The enterprise cloud computing company Salesforce.com today announced that it will raise $1 billion in convertible debt offering to help fuel acquisitions. The company shared its intention to offer $1 billion aggregate principal amount of convertible senior notes due 2018 in a private placement to qualified institutional buyers. The company believes that to grant the initial purchasers of the notes an option to purchase over an additional $150 million aggregate principal amount of the notes to cover over allotments.

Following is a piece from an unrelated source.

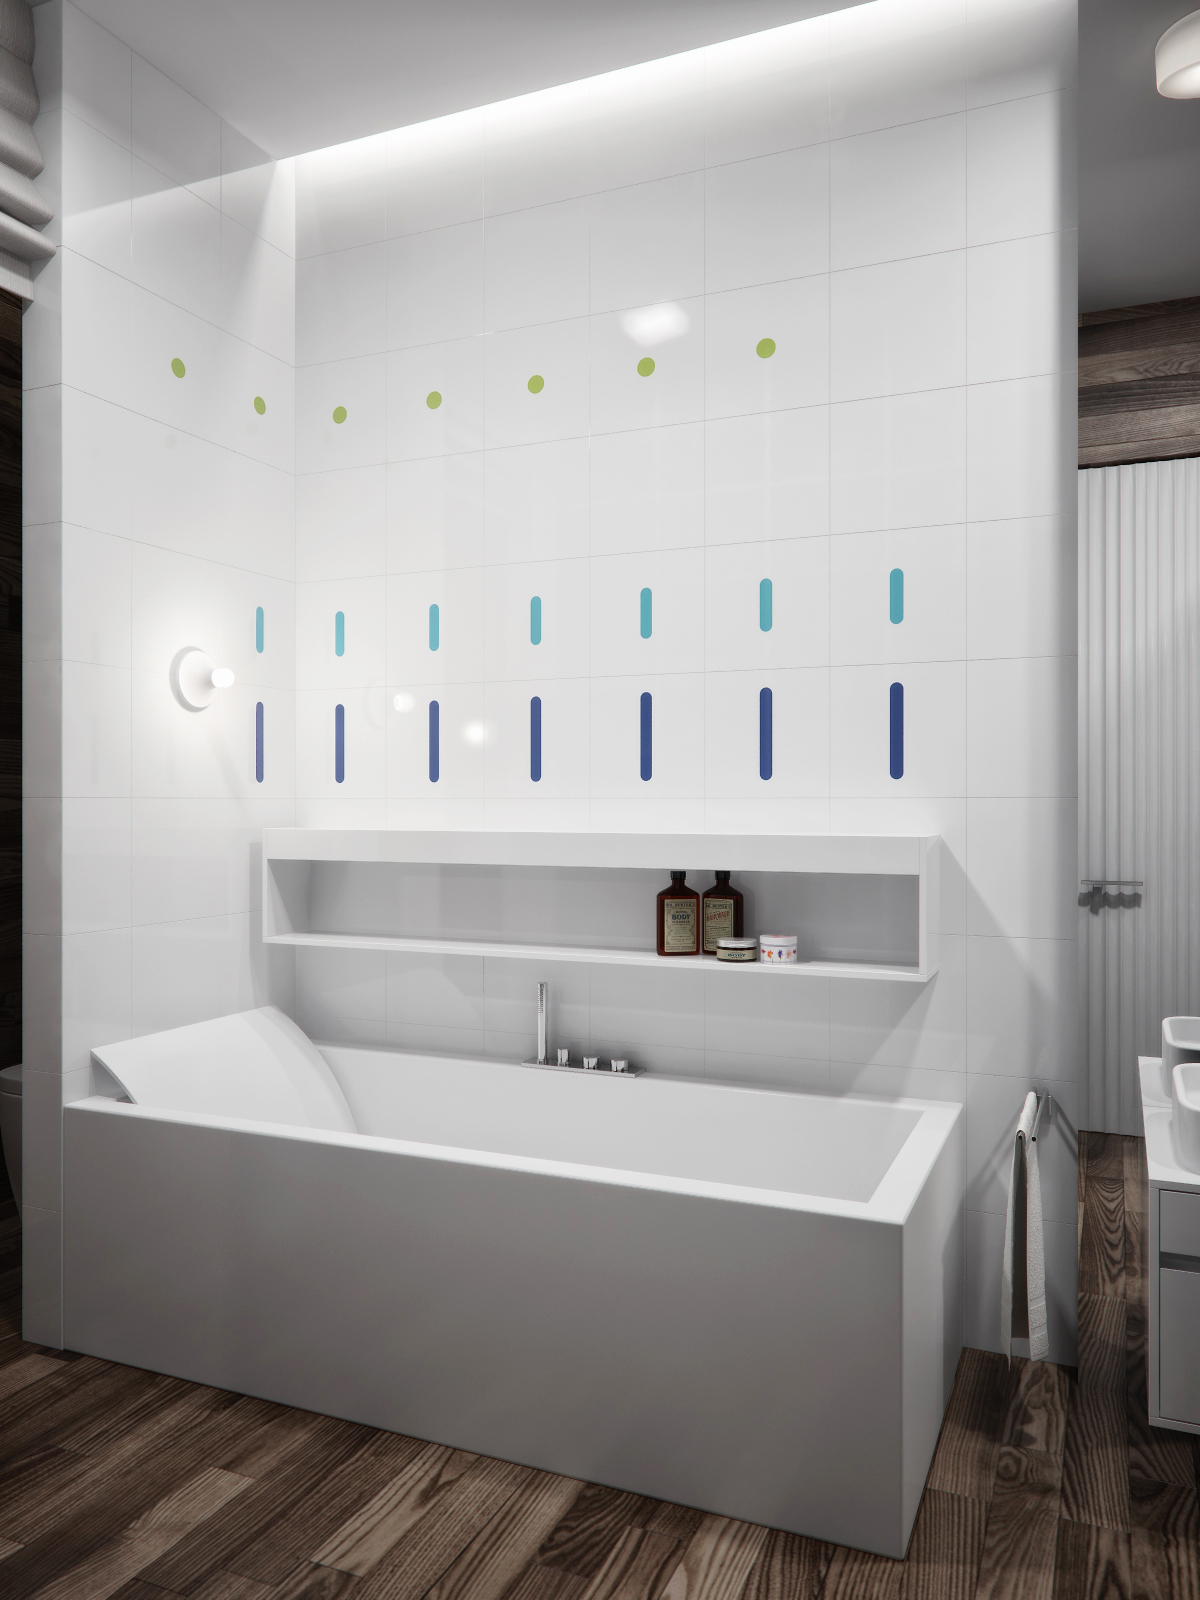 Tile white bathroom design "width =" 1200 "height =" 1600 "srcset =" https://mileray.com/wp-content/uploads/2016/09/Contemporary-white-bathroom-Azovskiy-Pahomova-Architects-1. jpeg 1200w, https://mileray.com/wp-content/uploads/2016/09/Contemporary-white-bathroom-Azovskiy-Pahomova-Architects-1-225x300.jpeg 225w, https://mileray.com/wp- Content / Uploads / 2016/09 / Contemporary-white-bathroom-Azovskiy-Pahomova-Architects-1-768x1024.jpeg 768w, https://mileray.com/wp-content/uploads/2016/09/Contemporary-white-bathroom -Azovskiy-Pahomova-Architects-1-696x928.jpeg 696w, https://mileray.com/wp-content/uploads/2016/09/Contemporary-white-bathroom-Azovskiy-Pahomova-Architects-1-1068x1424.jpeg 1068w , https://mileray.com/wp-content/uploads/2016/09/Contemporary-white-bathroom-Azovskiy-Pahomova-Architects-1-315x420.jpeg 315w "Sizes =" (maximum width: 1200px) 100vw, 1200px

Here is what Salesforce.com has to share over the proposed plan:
The notes will be unsecured, unsubordinated obligations of salesforce.com, and interest will be payable semi-annually. Prior to January 1, 2018, the notes will be convertible only upon the occurrence of specified events; thereafter until maturity the notes will be convertible at any time. Upon conversion, the notes will be settled in cash and shares of salesforce.com’s common stock (subject to salesforce.com’s right to pay cash in lieu of all or any portion of such shares). Final terms of the notes, including the interest rate, conversion price and other terms, will be determined by negotiations between salesforce.com and the initial purchasers of the notes.
Salesforce.com expects to use a portion of the net proceeds for the cost of the convertible note hedge transactions after such cost is offset by the proceeds of the warrant transactions described above, and to use the remaining proceeds for general corporate purposes, including funding possible acquisitions of, or investments in, complementary businesses, services or technologies, working capital and capital expenditures.